Chris Cornell reflects on Casino Royale and `You Know My Name`
Daniel Craig wasn't the only surprising choice for the latest Bond film. Chris Cornell, singer of the film's theme tune You Know My Name, was an odd man out as well - reports ThisIsNottingham
For such a mainstream project, the American star seemed a decidedly alternative choice. Best known for his time fronting hugely successful grunge band Soundgarden, he then fronted Audioslave, alongside three members of fellow 90s rock behemoths Rage Against The Machine.
"I was surprised to be asked", recalls the 42-year-old.
"And I had some reservations about it. Guys like me resist stuff like that. Then I heard about Daniel Craig being James Bond.
"I'd actually seen him in several films and was starting to pay attention to him. I knew he was an accomplished actor, and James Bonds tend to be the people's actor - you like them because that's who they are.
"Sean Connery is always Sean Connery. I'm a huge fan, but he doesn't transform for roles.
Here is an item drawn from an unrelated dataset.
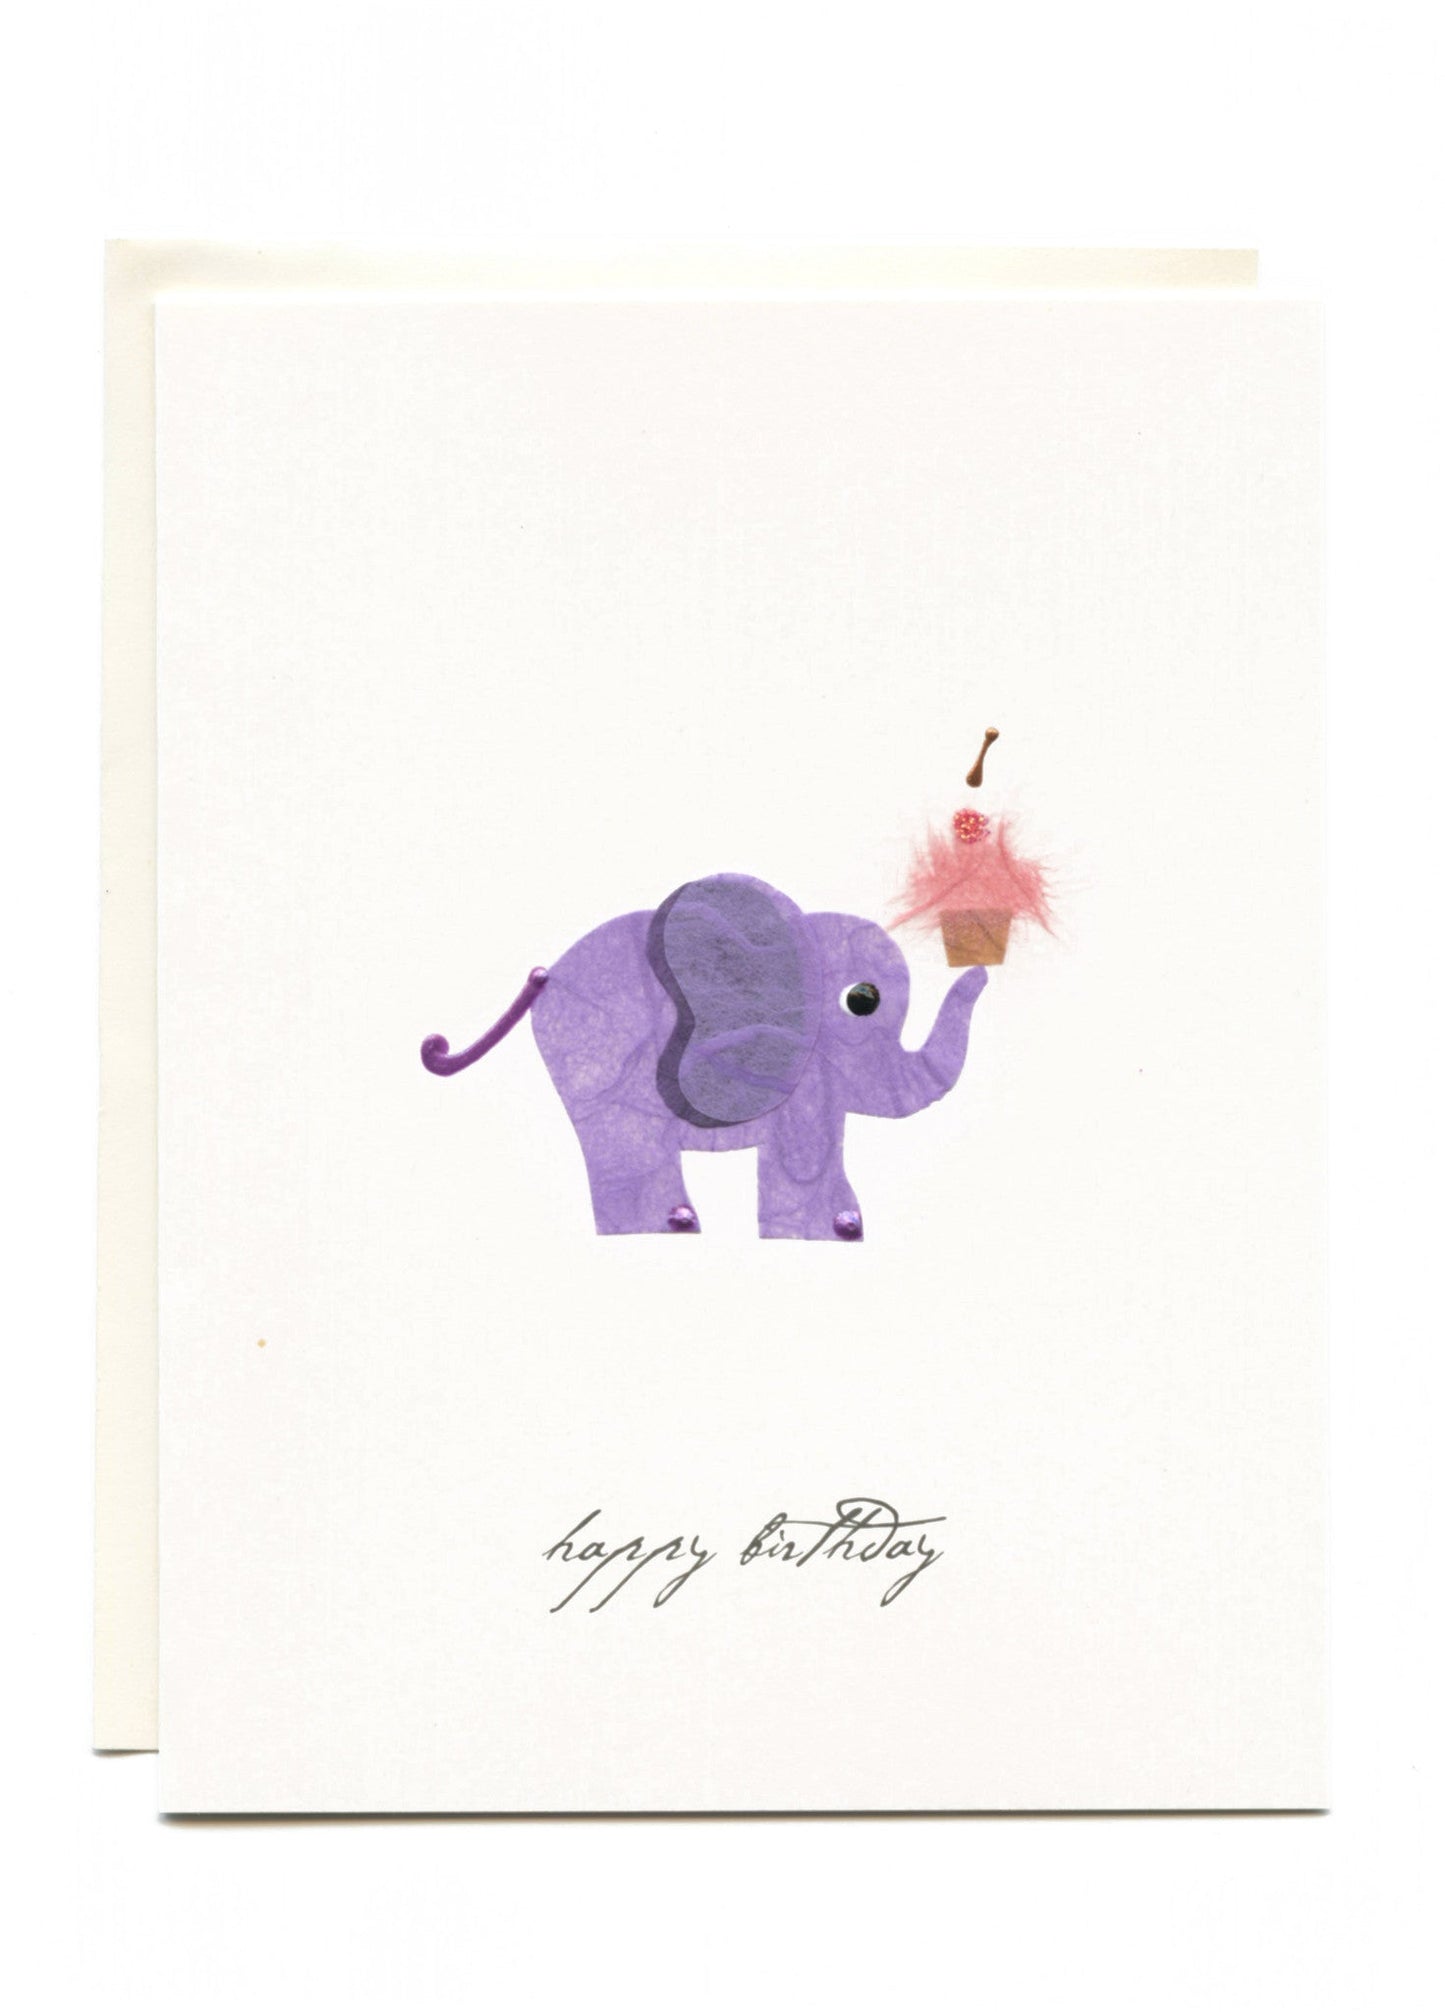 "Happy Birthday" Elephant with Cupcake Greeting Card

So I imagined that this could be an amazing twist."
Which was pretty much the opposite reaction to most fans and pundits on Daniel Craig's casting.
"Yeah. But I was a fan of his already and I thought, if they do this right, it could be genius. Then they showed me the opening sequence where my song was going to be, and I was really excited to be the guy to make that song.
"But the biggest trepidation really is that you're on a list with bands like Duran Duran, and A-ha, and Paul McCartney. Oh and Lulu, whoever that is, I don't know who that is."
His second solo album Carry On was released in May, prior to which he announced he was quitting Audioslave.
The album hit the top ten in the UK and he's following its success with a tour that includes Rock City next month.
When not working Cornell divides his time between Los Angeles and Paris, where he met his wife Vicky Karayiannis. The couple have two children - a daughter Toni, three, and a son, also called Chris, who is one in December. He also has a six-year-old daughter from his previous marriage to former Soundgarden manager Susan Silver.
"Having a family has had a huge impact on me. First of all, having a wife and a relationship where it's someone who's your best mate - I didn't have that before.
"I didn't even know that was possible. I always assumed that relationships were like, you're the guy, she's the girl, you do your separate things and occasionally you run into each other.
"And having children makes a big difference. You just stop worrying about so much of the stuff that you otherwise worry about - your career or what your hair's doing that day. Everything is boring compared to the amount of excitement you get from being around your children."
He adds: "We have rooms in our homes where there's no furniture and my children and I have these little electric cars that we drive around and we kick balls in there. I'm the kind of Dad who doesn't care", he laughs.
"I didn't have a dad like that when I was growing up. Everything was in its proper place, you didn't screw around. So now, as an adult, I'm reliving a childhood I didn't get to have."
Born in Seattle, Chris had a troubled childhood. Suffering from bouts of depression as a teenager, he got involved in drugs and theft. But it was a stolen collection of Beatles records that got him interested in music.
His mother, as he puts it, saved his life when she bought him a snare drum. He developed a passion for hitting the skins and before long he'd formed Soundgarden, eventually fronting the band as their singer. The four-piece would eventually go on to sell millions of records worldwide, spearheading a revolution with the likes of Pearl Jam and Nirvana, and a new take on rock music that would become known as grunge.
"I'm proud of being part of that", he says. "There's a separation in my memory - one side really feels like it's ten minutes ago, part of me is so much the same person. But if I think about what my life was like then, I never would have seen the journey ending up here."
Soundgarden disbanded in 1997, in what seemed a genuine case of good old-fashioned creative differences. For Chris, however, it marked the beginning of another troubled period of his life. Depression hit again and he turned to drink. He remembers times when he was trying to write songs in the studio, but instead he would just lie on the sofa nursing a god-awful hangover.
"I was having emotional problems. I really had to butt heads with the fact that I was in the wrong world, in the wrong place, and in a marriage that was falling apart. It was certainly my least prolific period."
These days the creative juices flow much easier thanks to a lack of alcohol in his life. But does he ever worry the depression will come back?
"I've learnt over the years it's a family trait. I've learnt how to deal with it in a lot of ways. In struggling with something like depression you have to figure out what of it is hereditary, what of it is chemical, and what of it is my life.
"But with that experience now I'm not that worried about it. Now I'm happily married, I have young children, I have a career that's going great. Nothing in my life is at all depressing."